Neuropixels Analysis Template

Complete analysis workflow from raw data to curated units.
Copy and customize this template for your analysis.

Usage:
    1. Copy this file to your analysis directory
    2. Update the PARAMETERS section
    3. Run: python analysis_template.py
"""

# =============================================================================
# PARAMETERS - Customize these for your analysis
# =============================================================================

# Input/Output paths
DATA_PATH = '/path/to/your/spikeglx/data/'
OUTPUT_DIR = 'analysis_output/'
DATA_FORMAT = 'spikeglx'  # 'spikeglx', 'openephys', or 'nwb'
STREAM_ID = 'imec0.ap'    # For multi-probe recordings

# Preprocessing parameters
FREQ_MIN = 300           # Highpass filter (Hz)
FREQ_MAX = 6000          # Lowpass filter (Hz)
APPLY_PHASE_SHIFT = True
APPLY_CMR = True
DETECT_BAD_CHANNELS = True

# Motion correction
CORRECT_MOTION = True
MOTION_PRESET = 'nonrigid_accurate'  # 'kilosort_like', 'nonrigid_fast_and_accurate'

# Spike sorting
SORTER = 'kilosort4'     # 'kilosort4', 'spykingcircus2', 'mountainsort5'
SORTER_PARAMS = {
    'batch_size': 30000,
    'nblocks': 1,        # Increase for long recordings with drift
}

# Quality metrics and curation
CURATION_METHOD = 'allen'  # 'allen', 'ibl', 'strict'

# Processing
N_JOBS = -1              # -1 = all cores

# =============================================================================
# ANALYSIS PIPELINE - Usually no need to modify below
# =============================================================================

from pathlib import Path
import json

import spikeinterface.full as si
from spikeinterface.exporters import export_to_phy


def main():
    """Run the full analysis pipeline."""
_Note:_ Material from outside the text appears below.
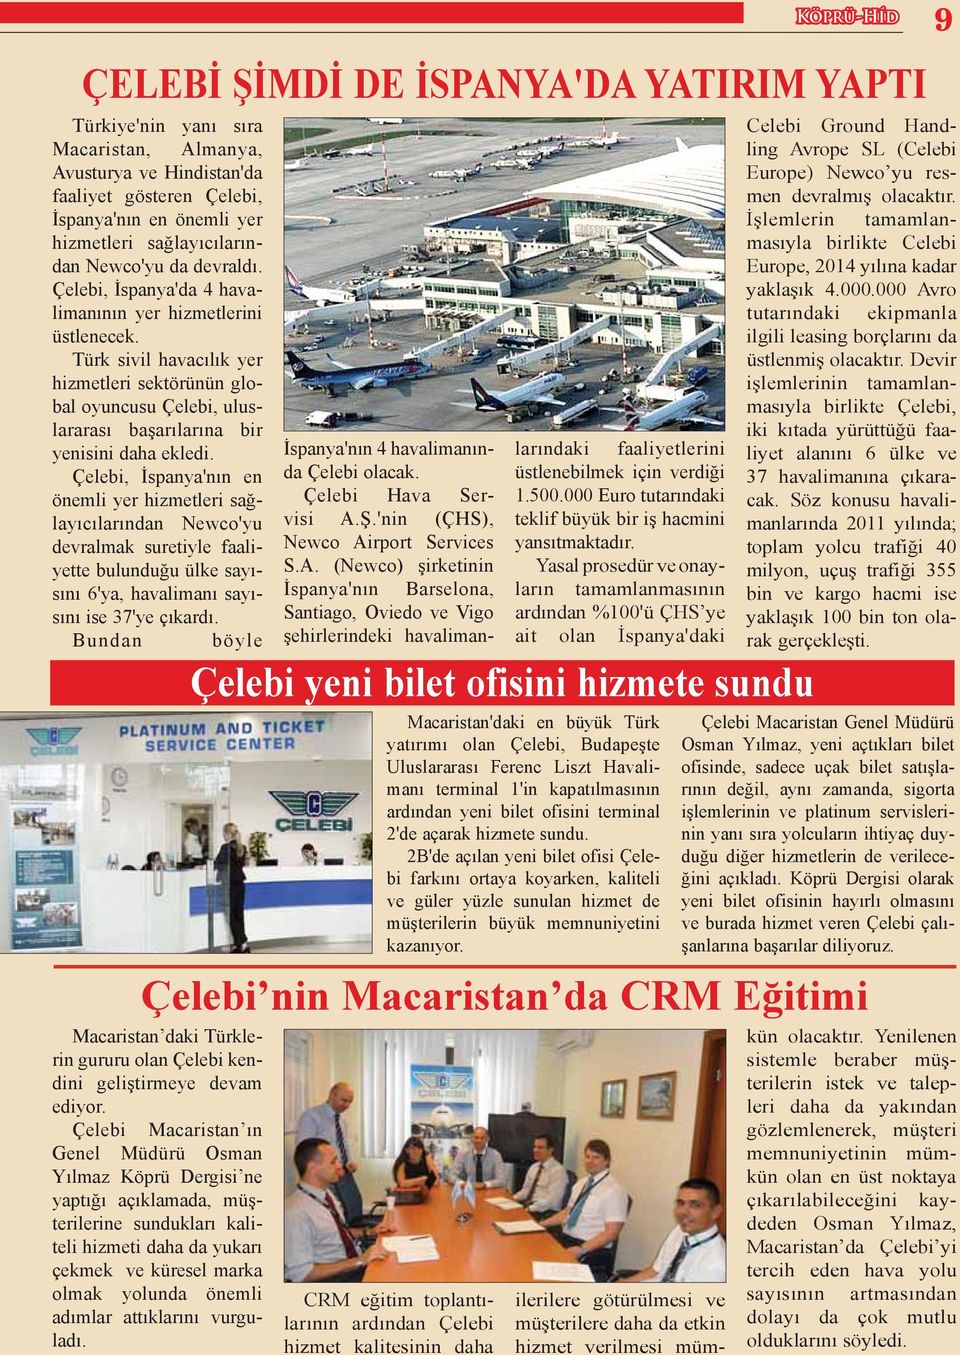 Türk sivil havacılık yer hizmetleri sektörünün global oyuncusu Çelebi, uluslararası başarılarına bir yenisini daha ekledi.

    output_path = Path(OUTPUT_DIR)
    output_path.mkdir(parents=True, exist_ok=True)

    # =========================================================================
    # 1. LOAD DATA
    # =========================================================================
    print("=" * 60)
    print("1. LOADING DATA")
    print("=" * 60)

    if DATA_FORMAT == 'spikeglx':
        recording = si.read_spikeglx(DATA_PATH, stream_id=STREAM_ID)
    elif DATA_FORMAT == 'openephys':
        recording = si.read_openephys(DATA_PATH)
    elif DATA_FORMAT == 'nwb':
        recording = si.read_nwb(DATA_PATH)
    else:
        raise ValueError(f"Unknown format: {DATA_FORMAT}")
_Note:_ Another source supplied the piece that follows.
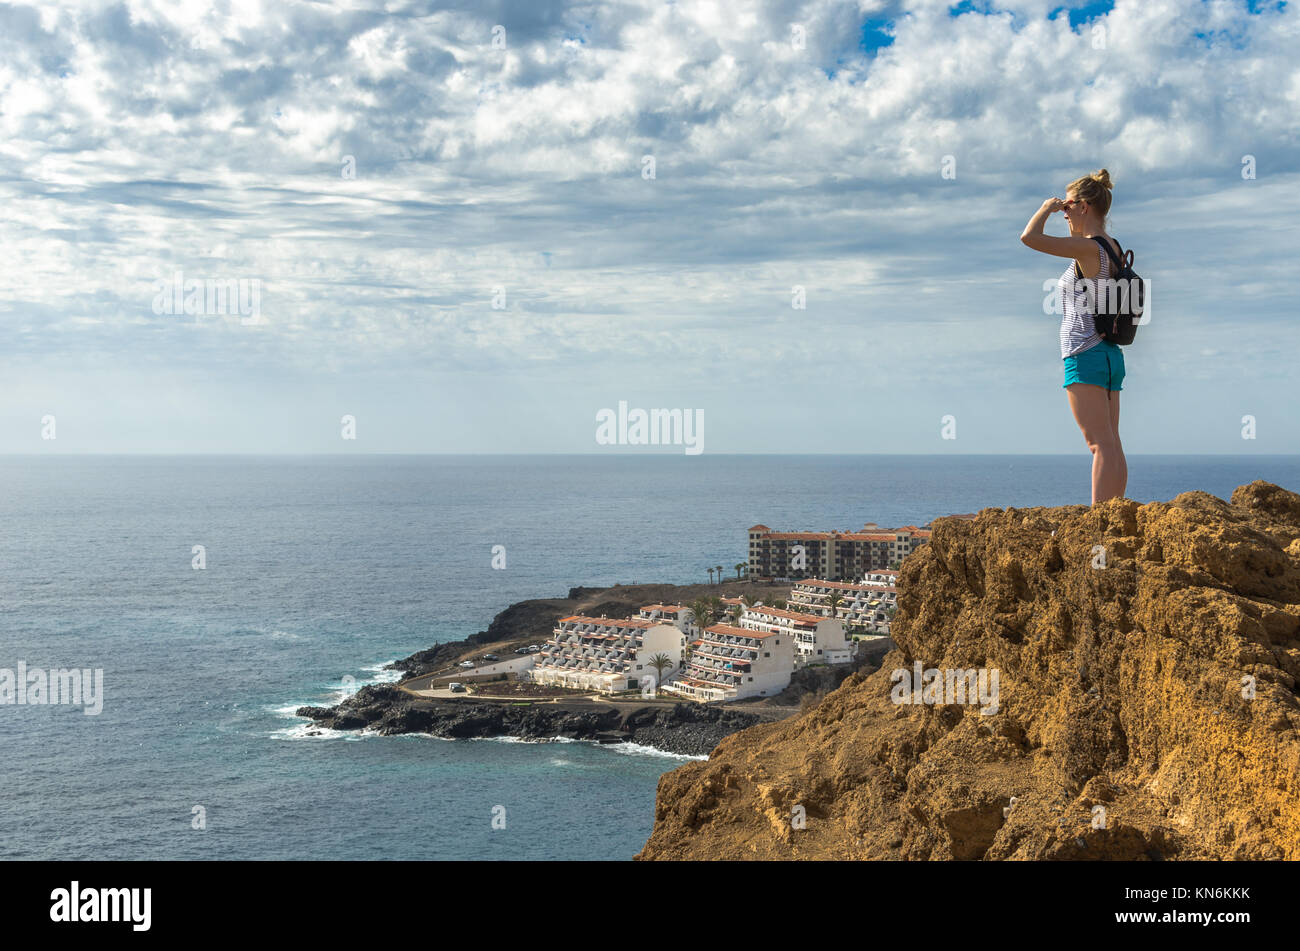 Giovane donna su una scogliera guardando attraverso l'Oceano Atlantico e il villaggio turistico di Costa Del Silencion in Tenerife, Isole Canarie, Spagna Foto Stock

    print(f"Recording: {recording.get_num_channels()} channels")
    print(f"Duration: {recording.get_total_duration():.1f} seconds")
    print(f"Sampling rate: {recording.get_sampling_frequency()} Hz")

    # =========================================================================
    # 2. PREPROCESSING
    # =========================================================================
    print("\n" + "=" * 60)
    print("2. PREPROCESSING")
    print("=" * 60)

    rec = recording

    # Bandpass filter
    print(f"Applying bandpass filter ({FREQ_MIN}-{FREQ_MAX} Hz)...")
    rec = si.bandpass_filter(rec, freq_min=FREQ_MIN, freq_max=FREQ_MAX)

    # Phase shift correction
    if APPLY_PHASE_SHIFT:
        print("Applying phase shift correction...")
        rec = si.phase_shift(rec)

    # Bad channel detection
    if DETECT_BAD_CHANNELS:
        print("Detecting bad channels...")
        bad_ids, _ = si.detect_bad_channels(rec)
        if len(bad_ids) > 0:
            print(f"  Removing {len(bad_ids)} bad channels")
            rec = rec.remove_channels(bad_ids)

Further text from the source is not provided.